Case Law Details

Case Name : Micromax Informatics Limited Vs. State Of Gujarat (Gujarat High Court)
Appeal Number : Special Civil Application No. 5357 of 2019
Date of Judgement/Order : 07/08/2019
Related Assessment Year :
Courts : All High Courts (4978) Gujarat High Court (446)

Ms Anusura Vs Mohit A Gupta (Gujarat High Court)

Having heard the learned counsel appearing for the parties and having gone through the materials on record, we are of the view that the action on the part of the concerned authorities could be termed as absolutely high-handed and arbitrary. The facts of this case speak for themselves. In the course of the hearing of this matter, the Officer assisting the learned AGP went to the extent of even making a statement that the amount of Rs.1,49,27,723/­ is not to be recovered from the writ­applicant. He conceded to the fact that while determining this amount, there is an error. He also conceded to the fact that amount of Rs.75 lakh and odd out of Rs.1,49,27,723/­ is only to be taxed.

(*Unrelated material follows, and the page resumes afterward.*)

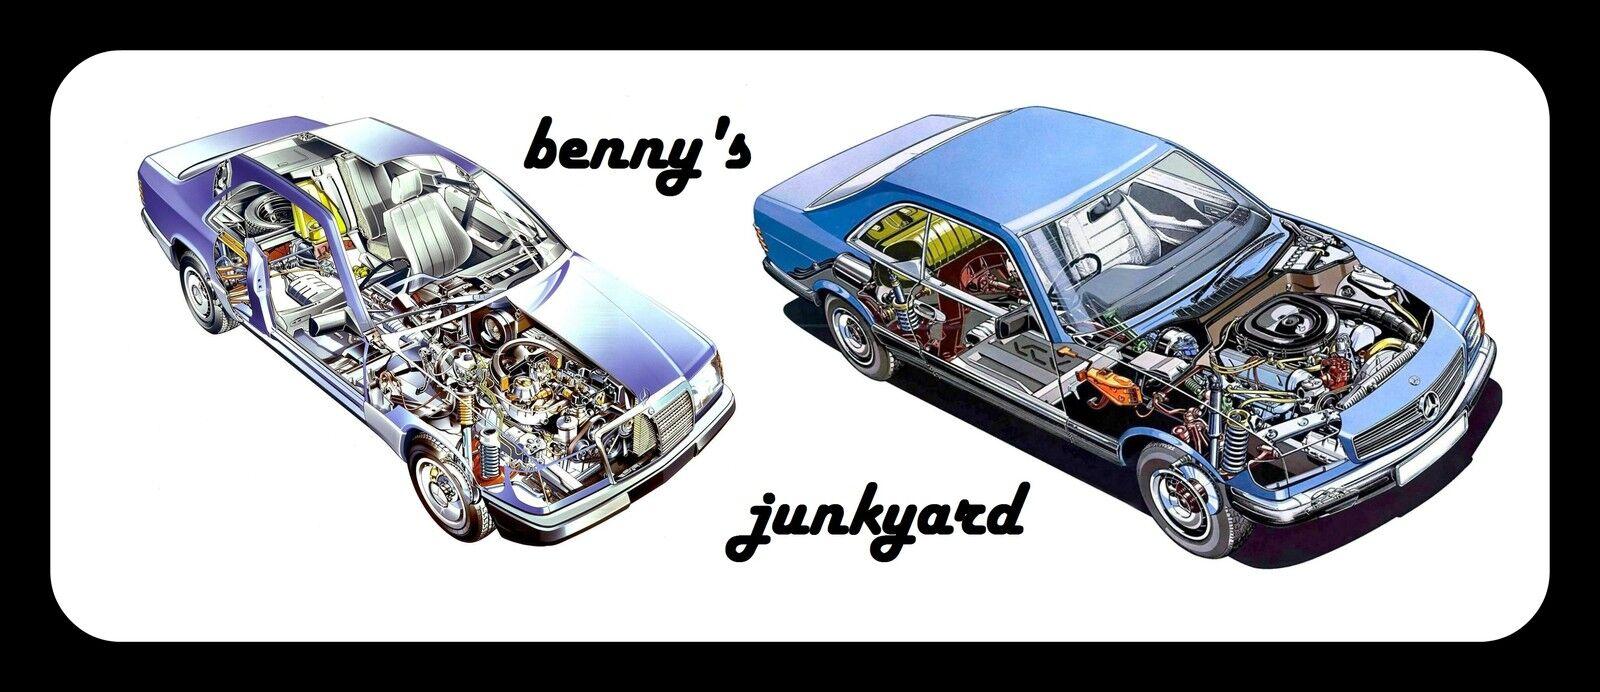 bennys_junkyard

This is not the way and the manner to recover tax. The department should not get so­ much desperate for the revenue. The revenue is to be collected in accordance with law. The action at the end of the authorities in the present case is nothing short of extortion.

In such circumstances referred to above, we direct the respondents to refund the amount of Rs.1,49,27,723/­ [Rupees One Crore Forty Nine Lakh Twenty Seven Thousand Seven Hundred and Twenty Three only] with interest at the rate of 6% p.a. from the date of 15/02/2019.

FULL TEXT OF THE HIGH COURT ORDER /JUDGEMENT

1. By this writ­-application under Article 226 of the Constitution of India, the writ­applicant, a company duly registered under the provisions of the Companies Act 2013 has prayed for the following reliefs:­

18(A) Be pleased to issue a writ of mandamus or any other writ, order or direction to the Respondents to refund forthwith the disputed amount of tax i.e.1,49,27,723/­ (One Crore Forty­Nine Lakhs Twenty­-Seven Thousand Seven Hundred and Twenty Three rupees) appropriated by the Respondents through coercive action under Section 44 of the GVAT Act in terms of notice annexed at Annexure D to this petition to the petitioner.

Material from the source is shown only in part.